Farmer and author Evan Willams’ orchard grows heirloom apples.
To cultivate an apple tree—not to mention a whole orchard of them—requires patience, forbearance and perhaps even a modicum of imagination. Evan Williams developed those qualities over a lifetime of growing apples, a trade he inherited from his family, growers in Dana, North Carolina, in the heart of Henderson County’s apple country. Those traits have served him well as he has built his heirloom all-natural apple business, Barenaked Apples, featuring dozens of rare varieties from around the world. But they’ve also been essential as he launched his career as an author, with his debut novel “Ripples,” released earlier this year from SFK Press.
Williams’ roots in North Carolina’s apple growing community could scarcely go deeper. His first ancestors arrived in the area in the late 18th century with a land grant to settle this then-remote part of the state. By the time he was growing up there in the 1950s, his family had been tending apple orchards for six generations. But they were hardly unique for the area. There were few families around that weren’t involved in the apple trade. What was a little unique about the family was their deep commitment to education, and for Williams in particular, his love of reading. While some boys might sneak off to play in the woods, Williams’ guilty pleasure was books.
Although his parents encouraged him to leave the farm and go to college, he was reluctant.
“It’s a lot easier to do something you know,” he says. “And I do enjoy apple growing.” But they prevailed and he left home and pursued a career in civil engineering, working in both Atlanta and Charlotte for decades before returning to Henderson County and renovating an old storage shed on his family’s property to live in.

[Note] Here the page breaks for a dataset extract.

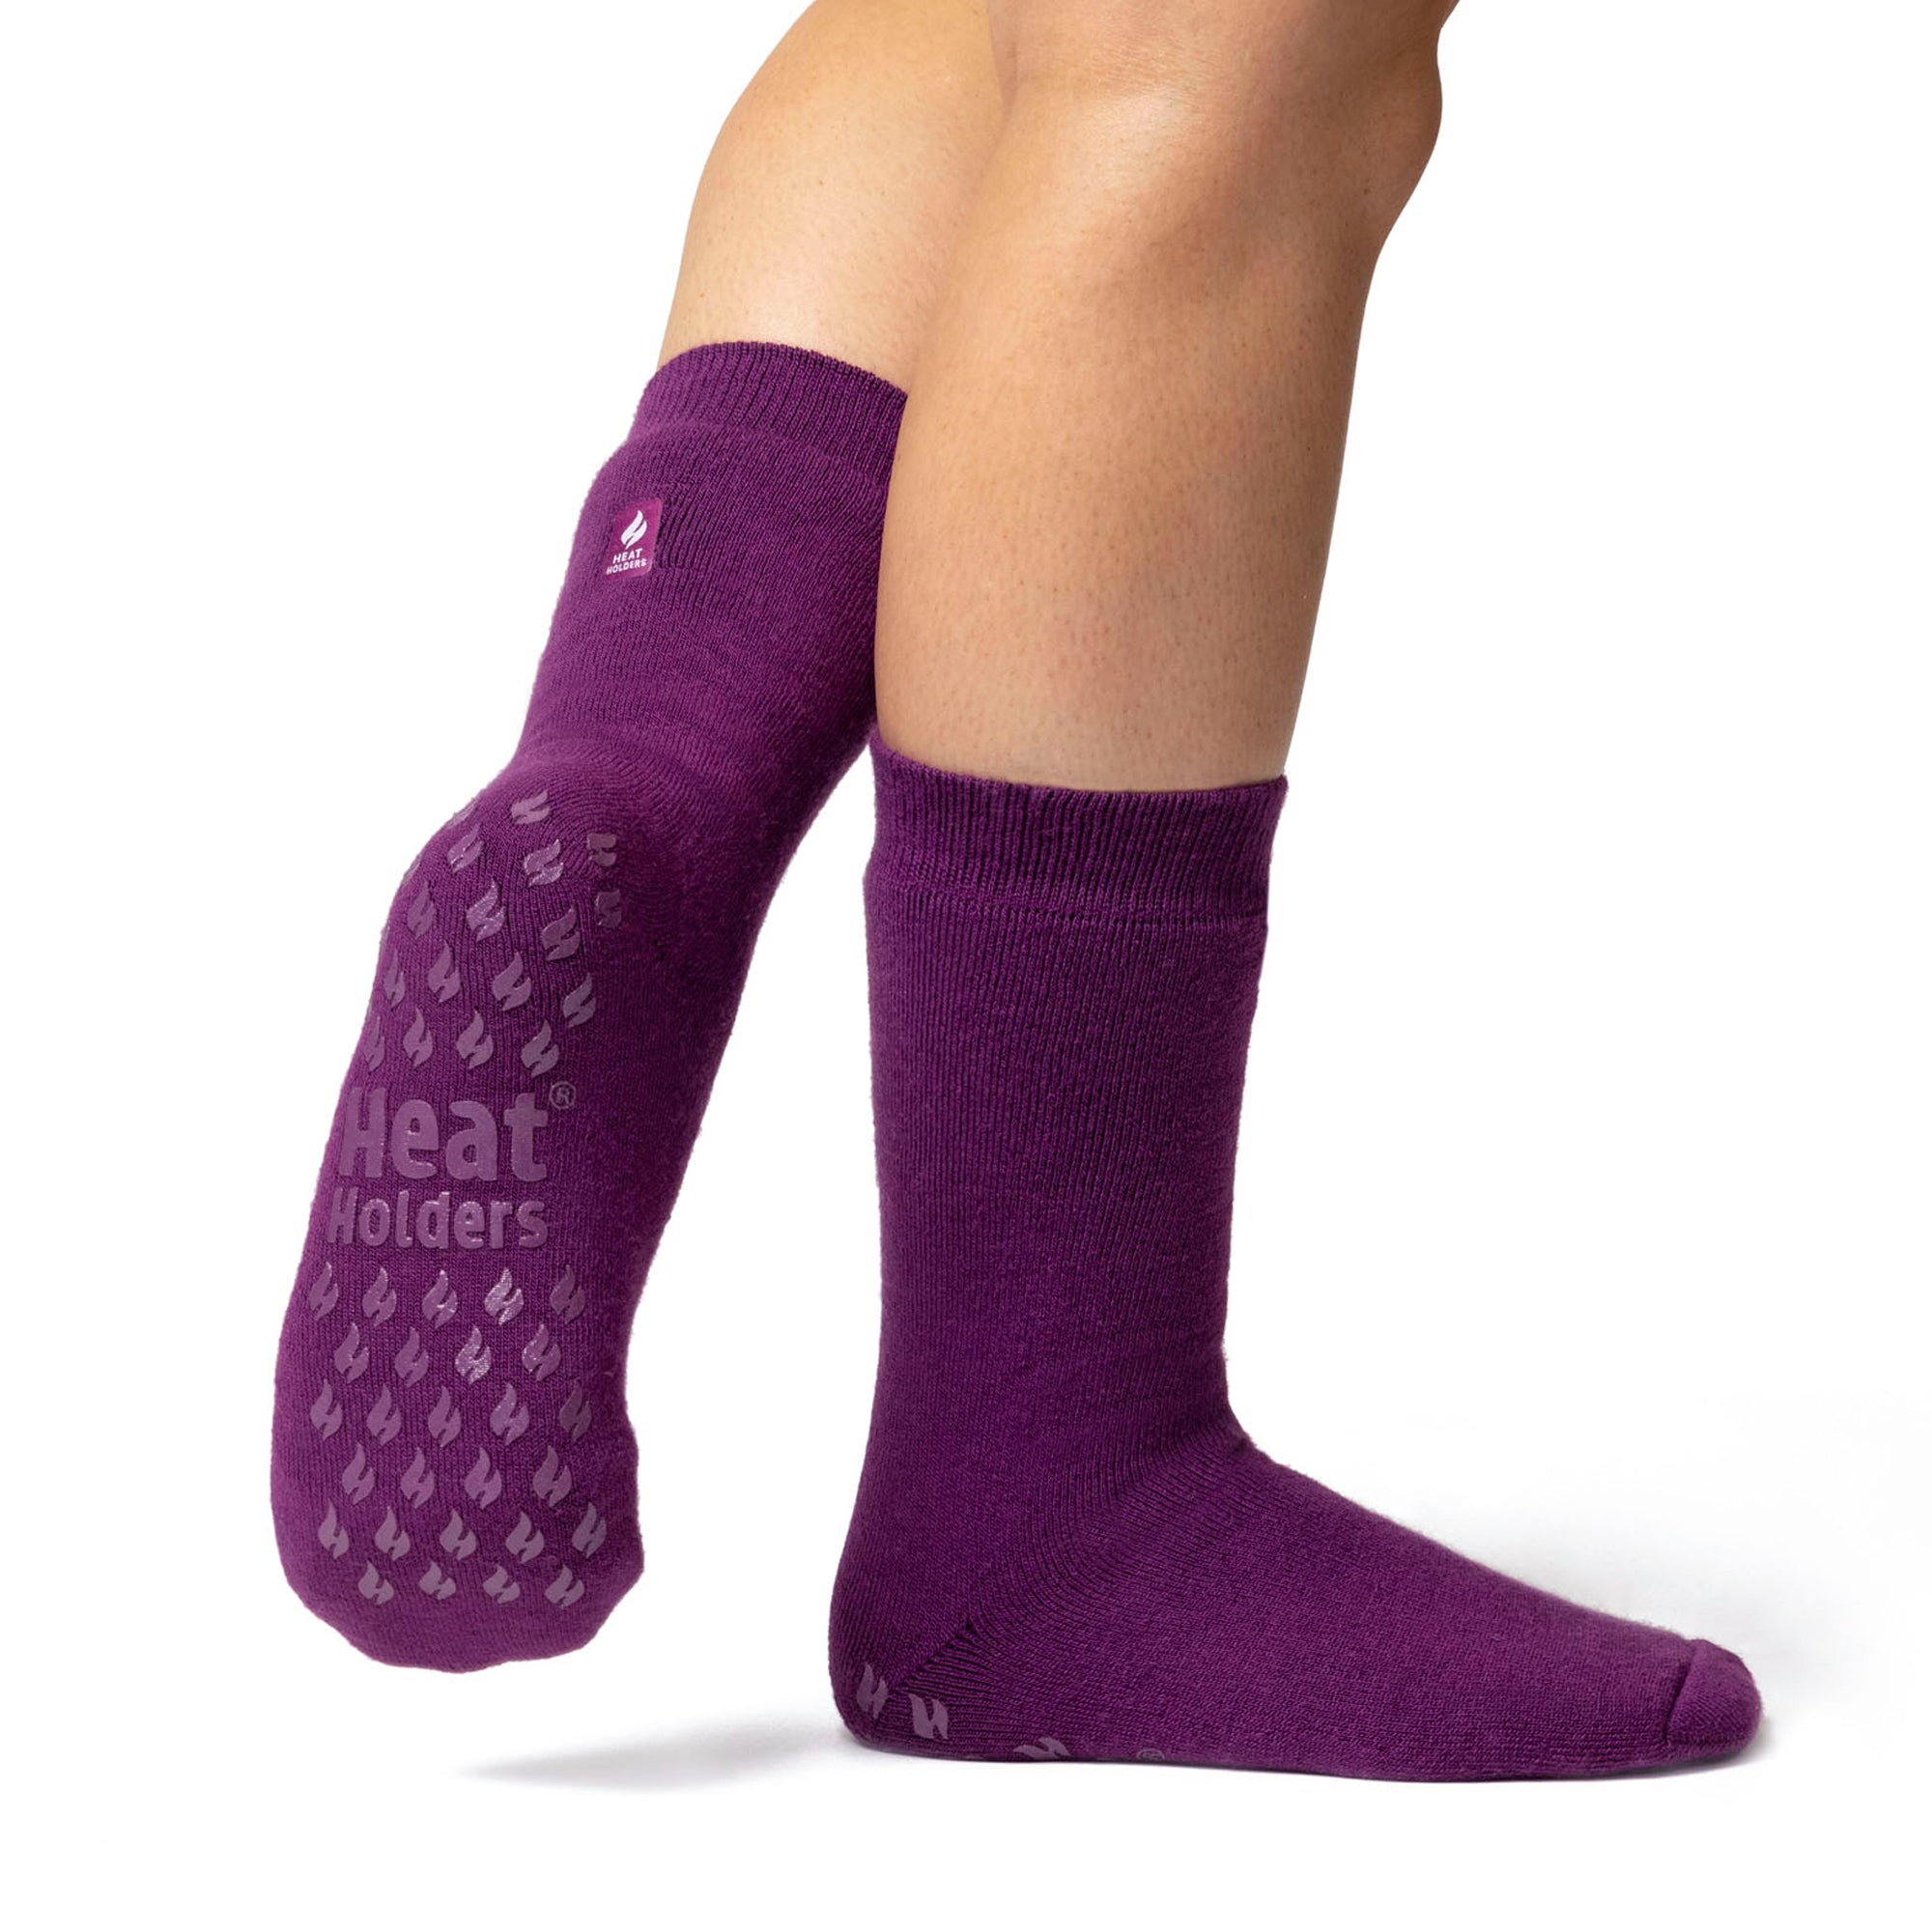 1 Pair Ladies IOMI FootNurse Heat Holders Dual Layer Raynaud's Thermal Warm Slipper Socks Violet
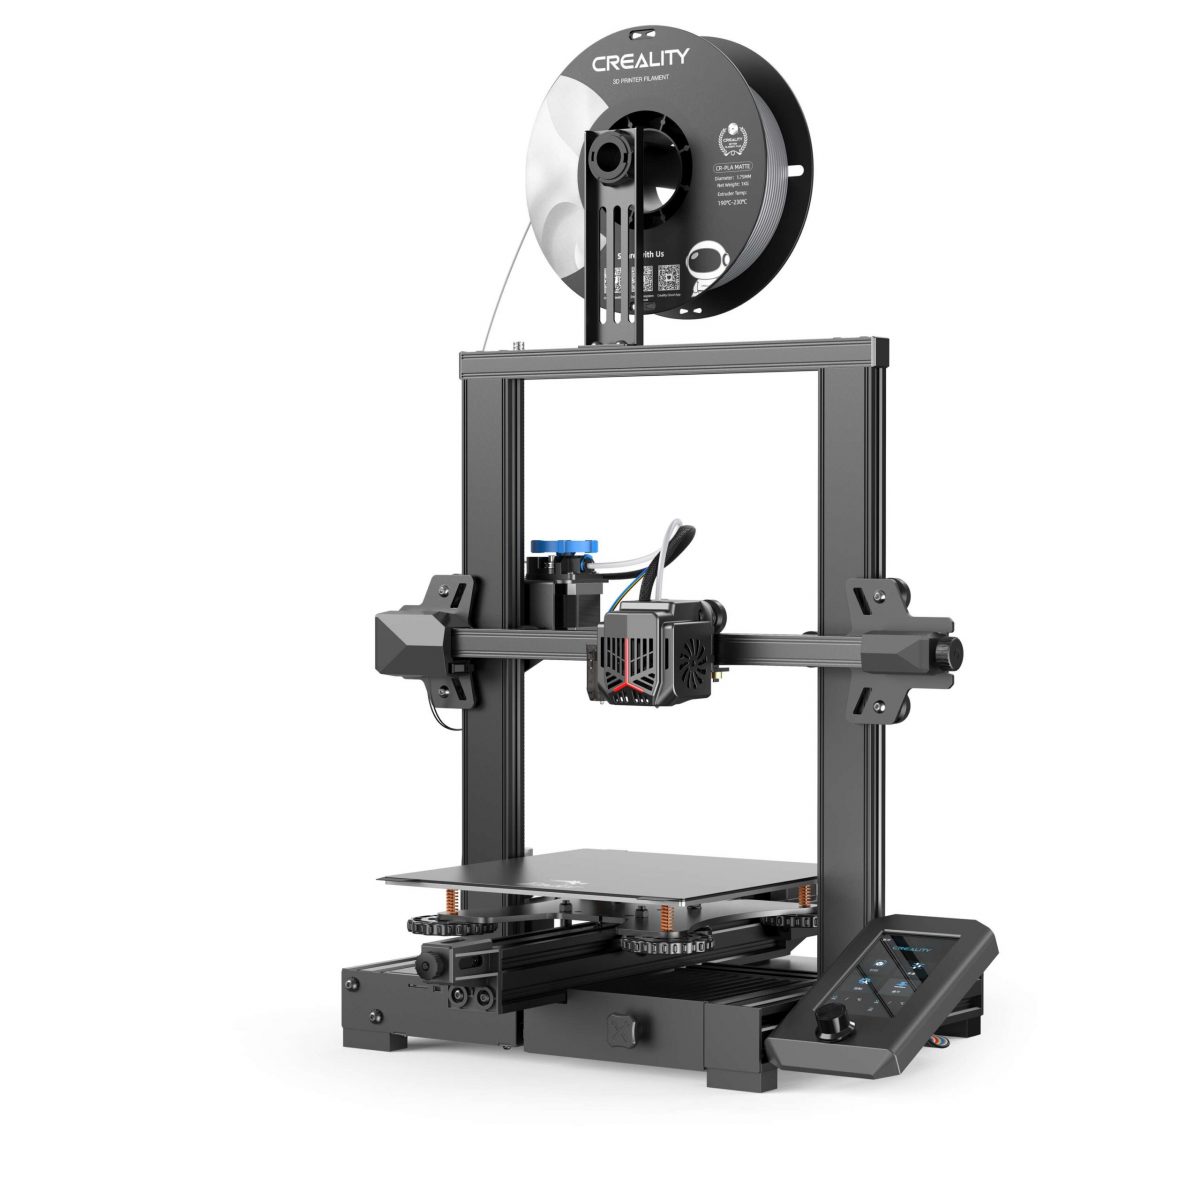 CREALITY Ender-3 V2 Neo 3D Printer - CR touch Auto-Leveling, DIY FDM, Build Size 22x22x25cm - CREALITY 2.35.71.00.007

It was then that he started his own orchard, deciding to grow now almost-vanished heirloom varieties of apples that had been available before widespread commercial growing took hold and reduced the number of cultivars available.
“Apples are unusual in the plant world in that they do not reproduce by exact kind,” says Williams. Instead, he grafts new trees from what’s called a scion.
He uses scions (sprouts that grow where the previous winter’s pruning cuts were made) then “bench grafts” them to the rootstock of heirloom variety. If all goes well, the new tree will produce fruit about two years later. Williams is currently growing a tantalizing array of varieties of apples from the rich, juicy Scarlet Nonpareil to sweet, greenish-yellow Reinette Grise de Portugal, selling them in Hendersonville’s curb market.
But even as he began grafting trees, Williams began to graft stories—taking memories from the farm as well incidents from his family’s past, fusing them to new shoots of imagination with wordsmithing and creativity. He started writing poetry and short stories, eventually producing the hybrid memoir, “One Apple at a Time,” based on his grandfather’s life.
But he was drawn to fiction. “Fiction can be anything you want. You have license,” he says. To learn the art of fiction, he enrolled in Charlotte’s Queens University low-residency MFA program, producing “Ripples” as his master’s project.
“Ripples” tells the story of Ben Bramley (named for an heirloom English apple variety), a man who left his small apple-growing community of Abundance and returns to find that he has more than outgrown the strictures of small town society. A runner who logs his miles to maintain his mental health, Bramley finds that he can no longer outrun his past.
While Willams’ life path may bear some similarities to that of his main character, “Ripples” is not biographical fiction,” he says. Abundance isn’t Dana, he says, although he certainly drew upon his own experiences while writing the book.
“I took a lot of license.” But Bramley’s struggles with the dogmatism of his community reflects his own. Growing up, he said, “four churches within a half mile was just normal.” He even worked as a minister on the side while pursuing his civil engineering career.
Williams’ themes and writing have drawn comparisons to some of North Carolina’s most vaunted writers, including Thomas Wolfe and Ron Rash. “I’m flattered at the comparison,” he says. but that’s not his goal. As he writes, he keeps a quote on his wall to guide him: “I’d rather fail in originality than succeed in imitation.”
Like the orchard he’s patiently tending, he’s cultivating stories with careful attention, letting the creative process take its course.